● **Your objective**
Within the records below, find the line with "Houston Texans Second-Chance Drawings!" and the line with "3mm Pearl Nose", then reproduce exactly those two lines and all lines between them, without any picture.

● **Records for the exercise**
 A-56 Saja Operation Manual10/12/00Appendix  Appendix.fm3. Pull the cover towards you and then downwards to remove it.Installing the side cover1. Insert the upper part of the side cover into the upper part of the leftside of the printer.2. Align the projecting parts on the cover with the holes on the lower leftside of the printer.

---

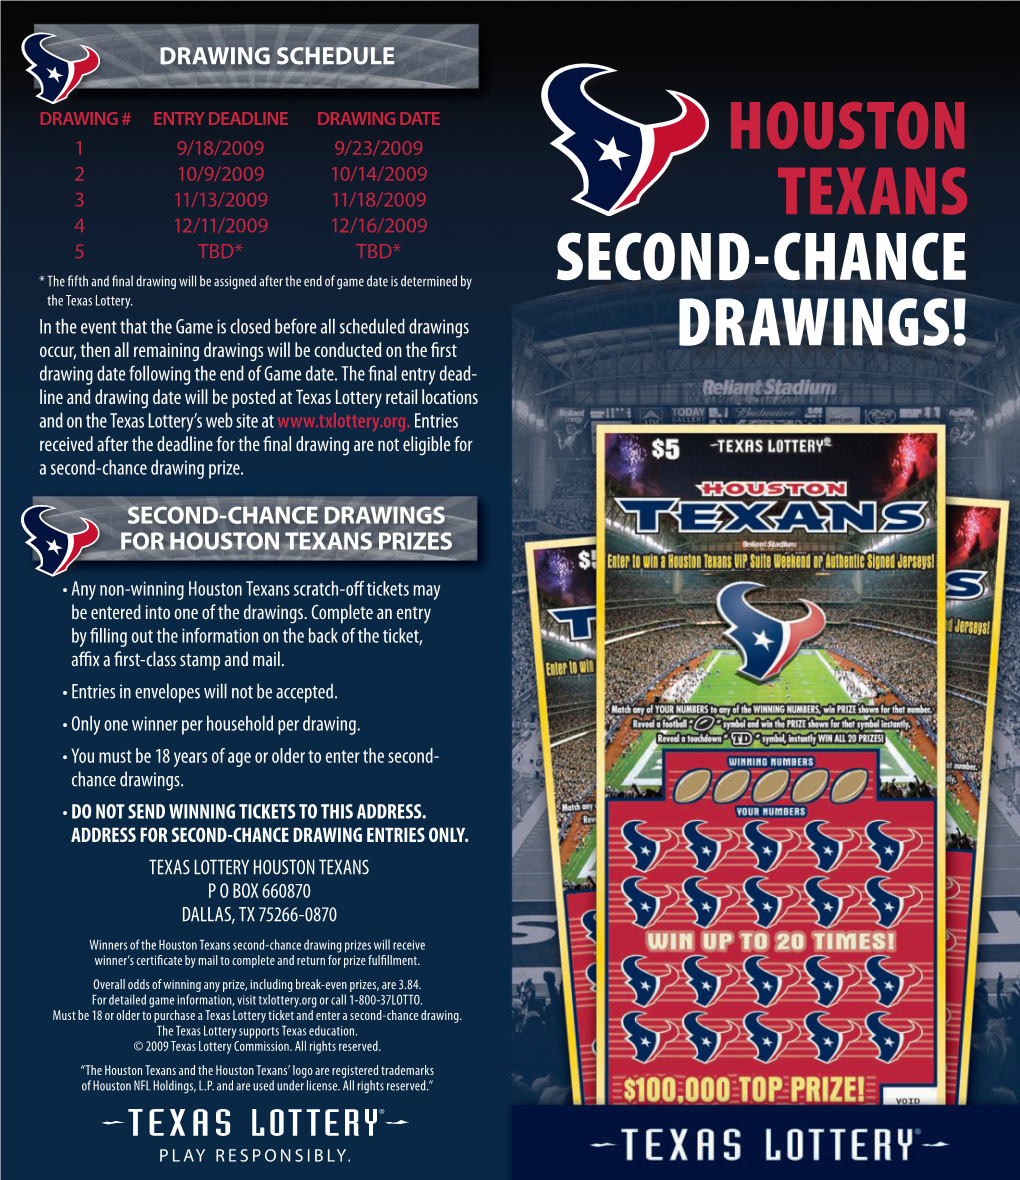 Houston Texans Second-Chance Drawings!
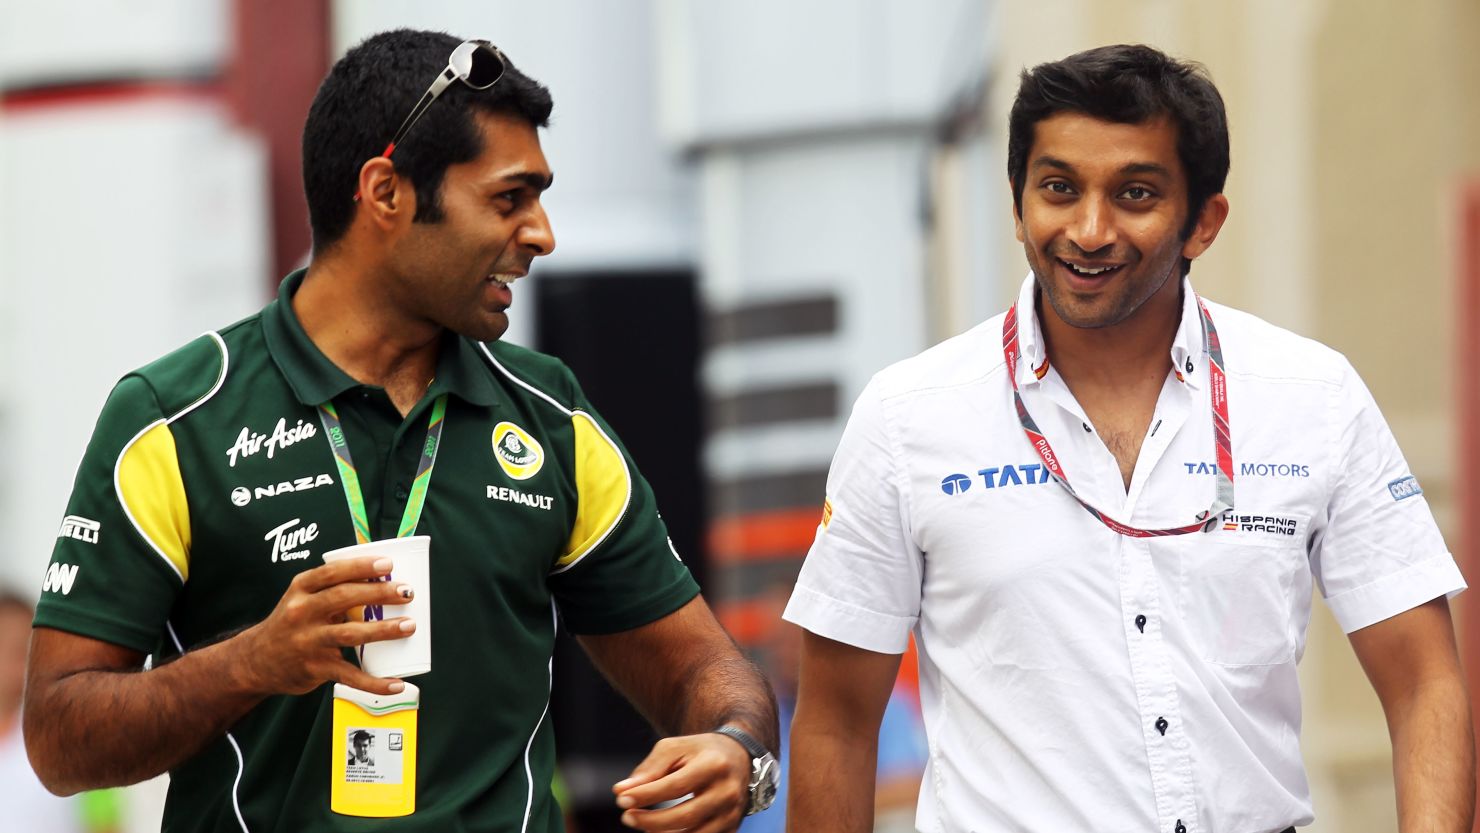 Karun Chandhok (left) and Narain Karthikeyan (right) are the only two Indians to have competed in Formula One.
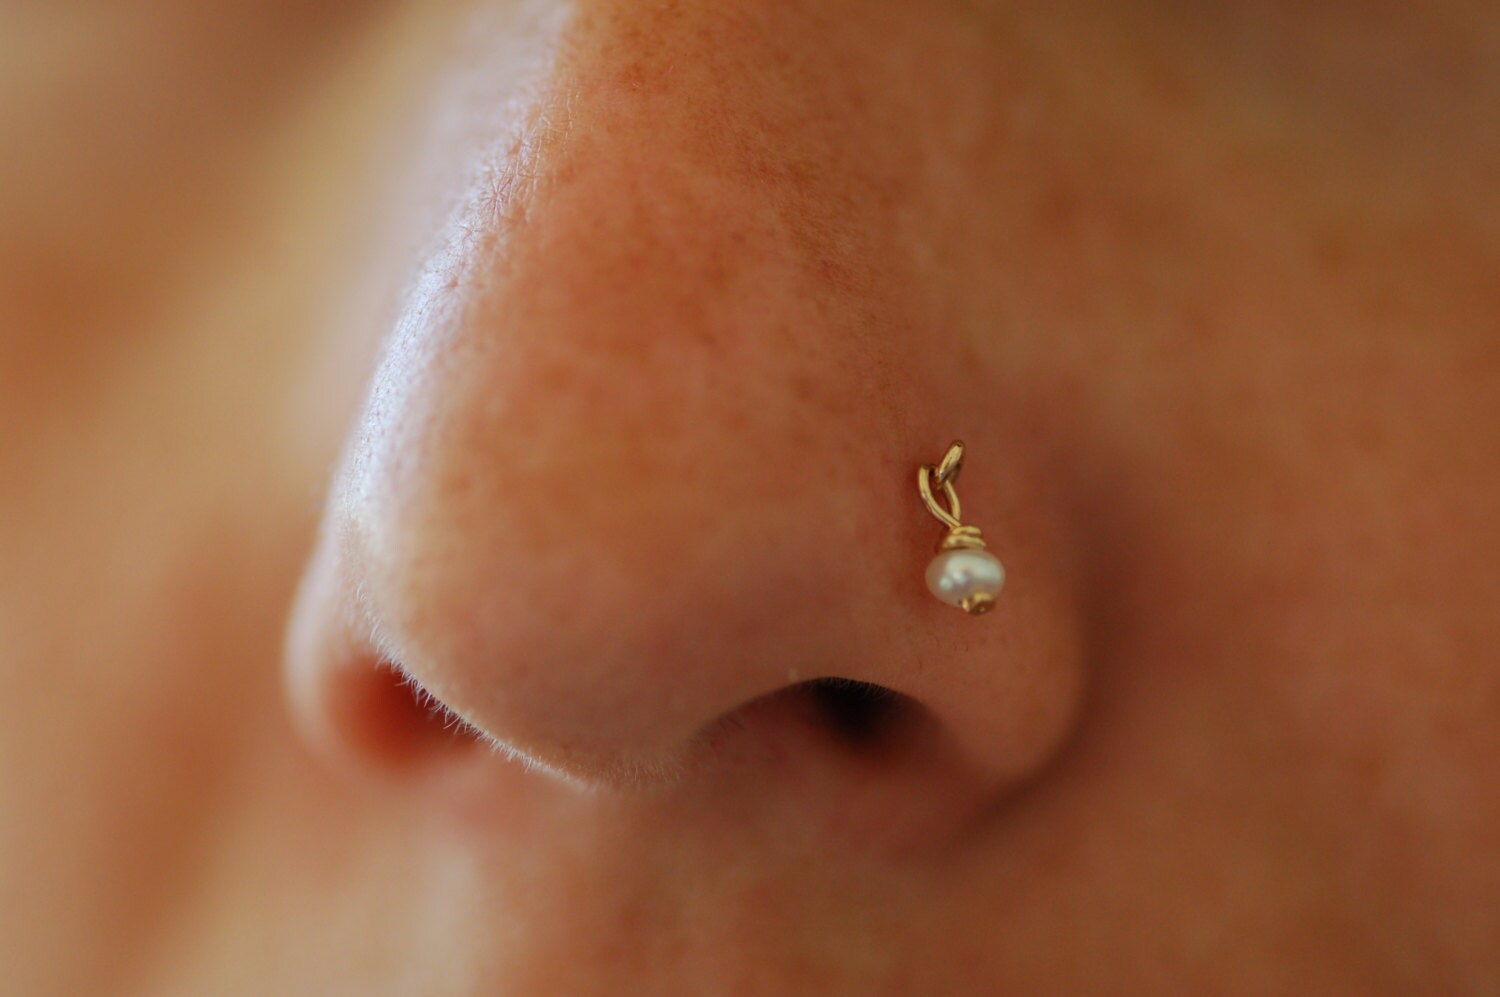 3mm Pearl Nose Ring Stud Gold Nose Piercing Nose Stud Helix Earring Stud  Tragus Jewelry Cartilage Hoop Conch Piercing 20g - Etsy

...

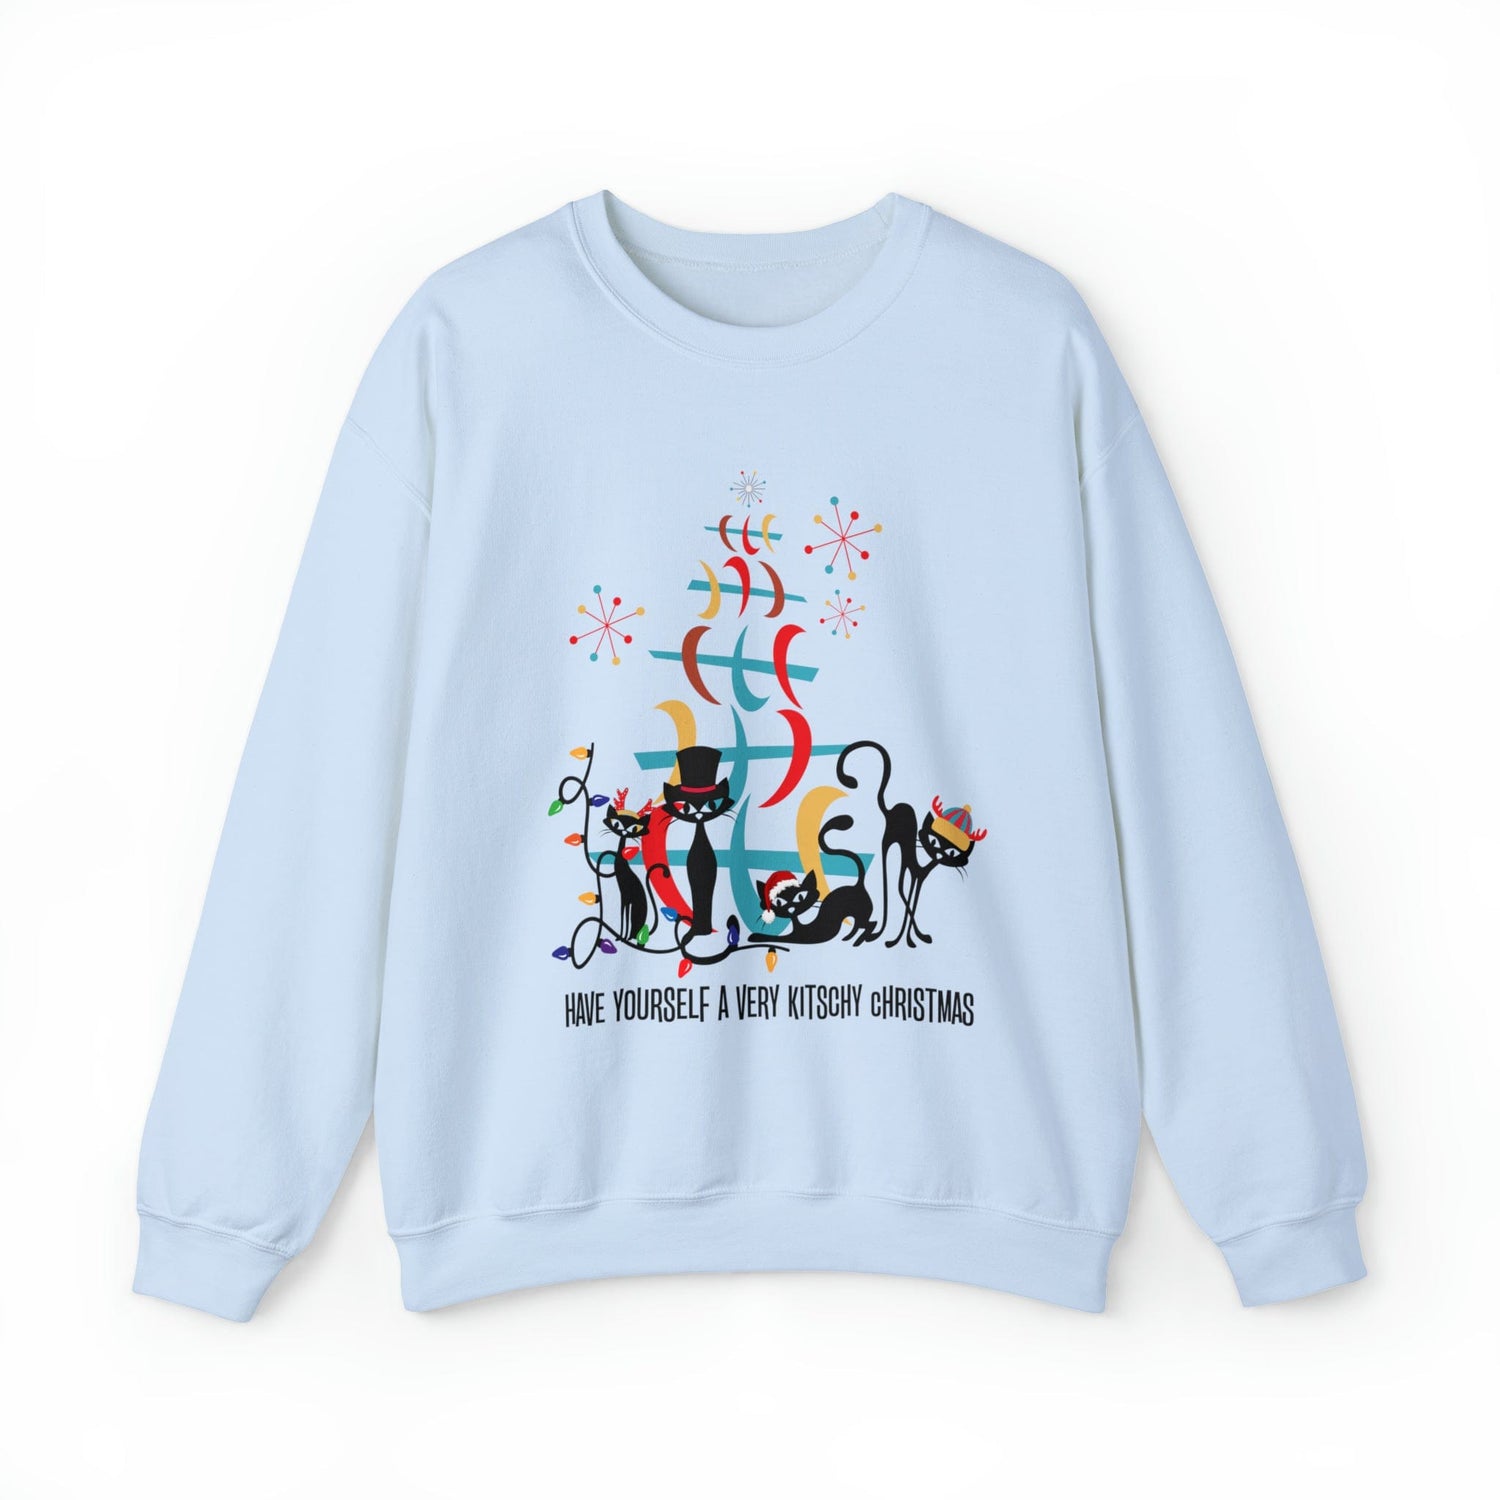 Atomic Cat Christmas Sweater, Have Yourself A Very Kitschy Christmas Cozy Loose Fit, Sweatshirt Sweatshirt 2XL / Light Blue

● **Task solution**
 Houston Texans Second-Chance Drawings!
 Karun Chandhok (left) and Narain Karthikeyan (right) are the only two Indians to have competed in Formula One.
 3mm Pearl Nose Ring Stud Gold Nose Piercing Nose Stud Helix Earring Stud  Tragus Jewelry Cartilage Hoop Conch Piercing 20g - Etsy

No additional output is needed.